At a global scale, Nakagami and colleagues found a relatively good conservation of phosphorylation sites between
Arabidopsis and rice. Around 50% of the sites identified in
rice or Arabidopsis were conserved in the other organism
(Nakagami et al., 2010). In a focused analysis, Lu and colleagues detected relatively weak conservation of CKII phosphorylation sites between Arabidopsis and rice chloroplasts
(Lu et al., 2015a). Clearly, the degree of phosphorylation
site conservation is kinase- and target protein-specific and
generic statements on phosphorylation site conservation are
not informative.
In the following we compared a subset of the phosphorylation data for the three plant species analysed here, using
either direct comparison of identified phosphopeptides or
multiple sequence alignments based on ClustalOmega (W. Li
et al., 2015). We accepted the phosphopeptide identifications
as reported in the individual studies detailed above and did
not apply additional filtering criteria. For the discussion of
the phosphorylated amino acids, we relied on the phosphorylation site assignment of the software PhosphoRS and/or
PhosCalc, the commercial tool integrated in Spectrum Mill
(Agilent), or a calculated delta ion score from SEQUEST
searches (Eng et al., 1994) between rank 1 and rank 2 hits
(provided that they differed only by the localization of the
phosphorylation site) greater than 0.4, as suggested by
Beausoleil and colleagues (2006).
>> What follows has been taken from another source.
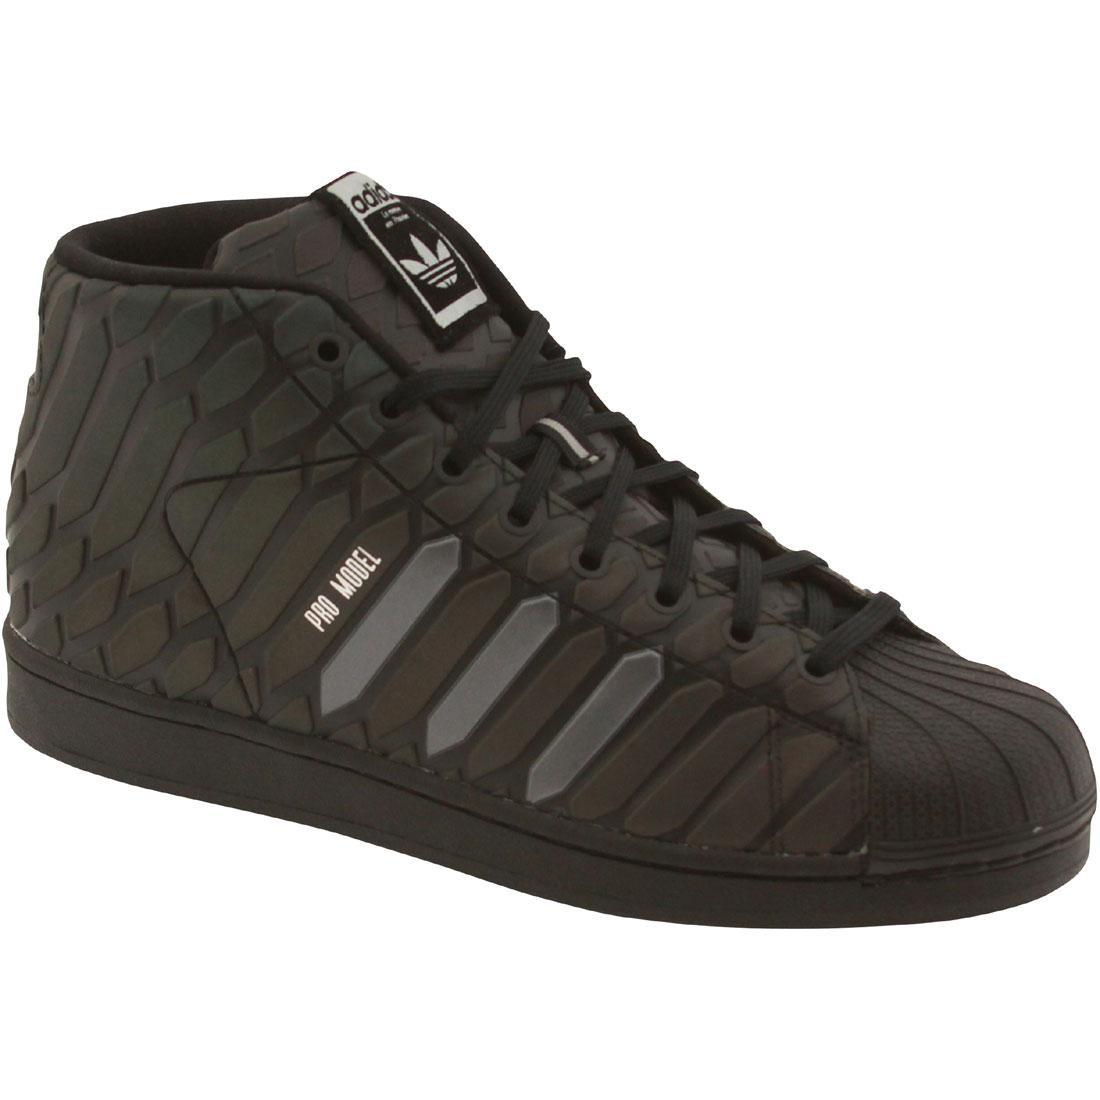 Adidas Men Pro Model - Xeno Reflective (black / supplier colour / running  white)
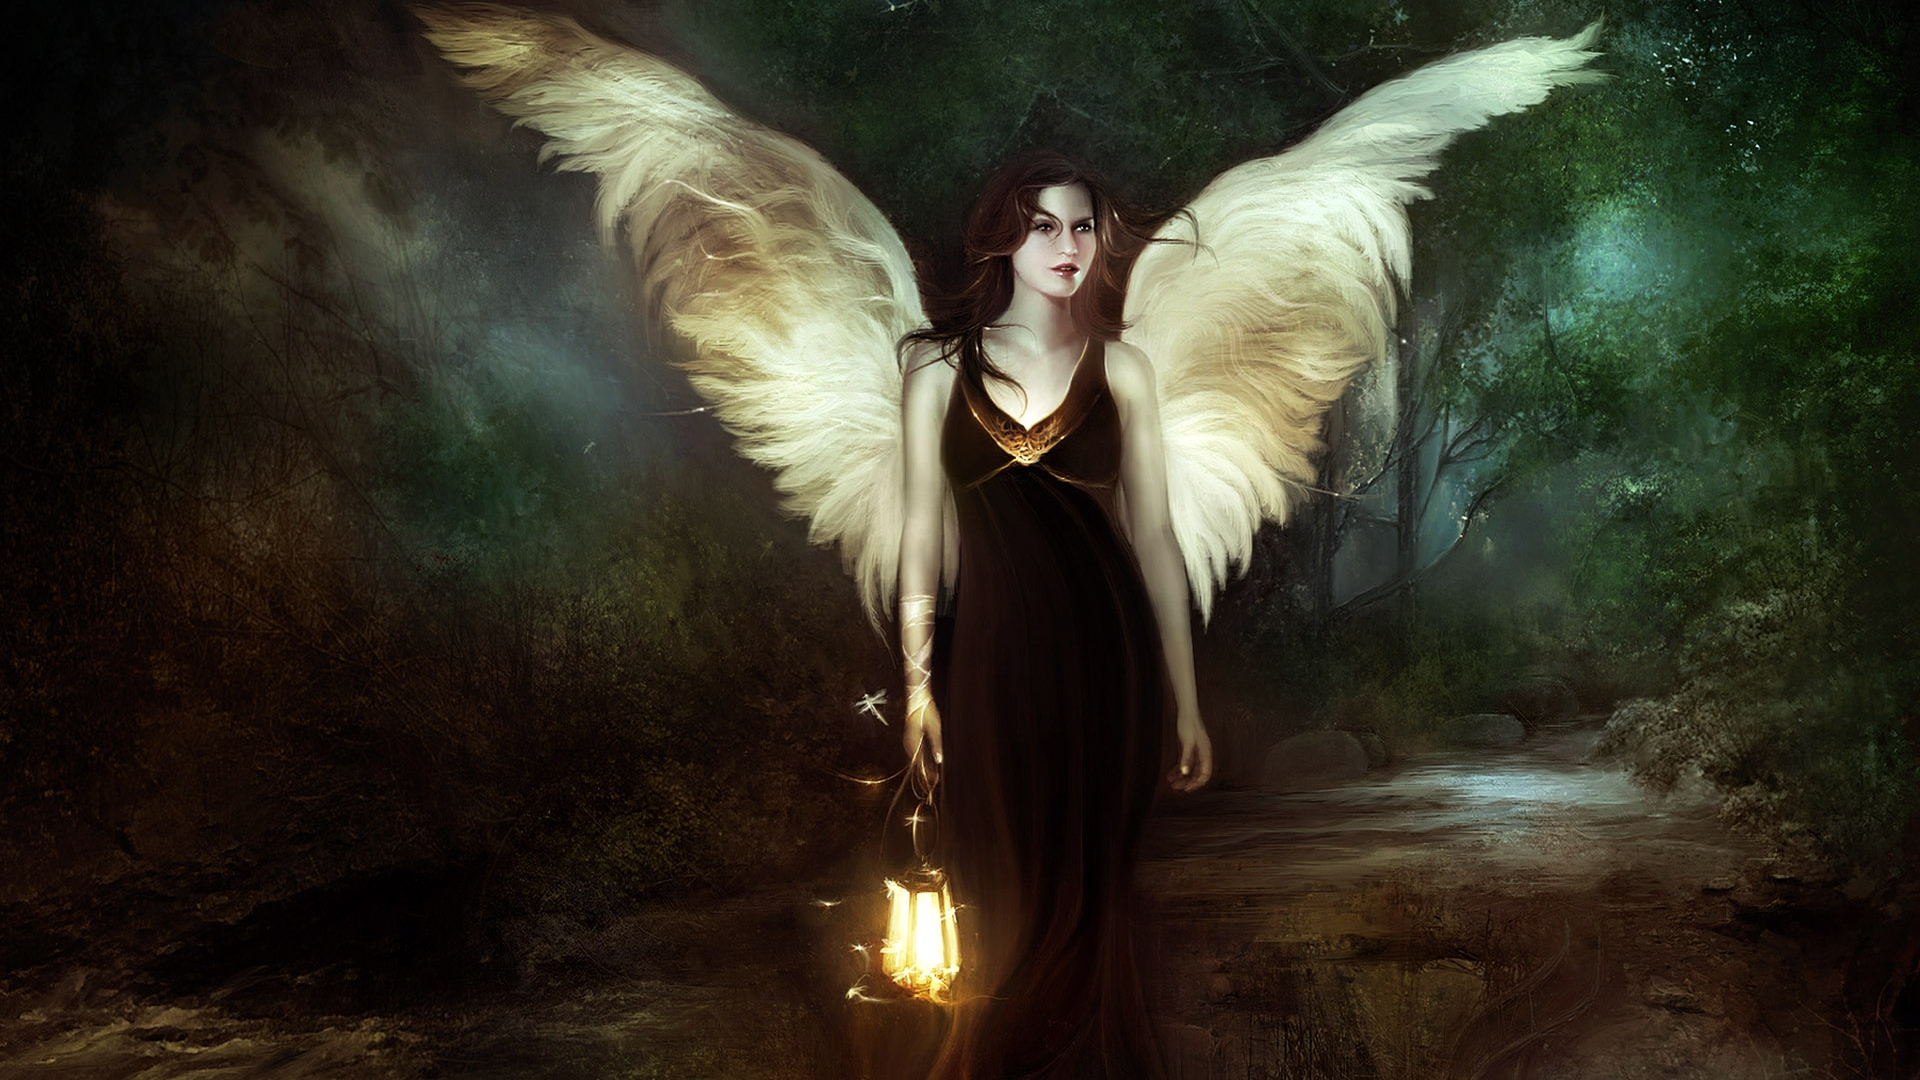 Fantasy Fairy Woman Forest Angel 1920x1080

The different analytical
depths achieved with the different species made a global
comparison meaningless, so we focused our subsequent
Chloroplast phosphoproteins | 3877
comparison on the major chloroplast functions in photosynthesis and gene expression.
Phosphorylation of thylakoid membrane
proteins
The regulation of short-term acclimation responses of photosynthetic light reactions by phosphorylation is a classic
example for posttranslational regulation (Bennett, 1977). The
regulatory system is driven by the thylakoid-associated kinases
STN7 and STN8 that phosphorylate light-harvesting complex
and photosystem core proteins (Rochaix, 2014). In phosphoproteomics experiment with photosynthetic leaf tissue, phosphorylated thylakoid membrane proteins usually constitute
the largest group of phosphoproteins, which is also the case
in the datasets assembled here (Supplementary Table S1A–C).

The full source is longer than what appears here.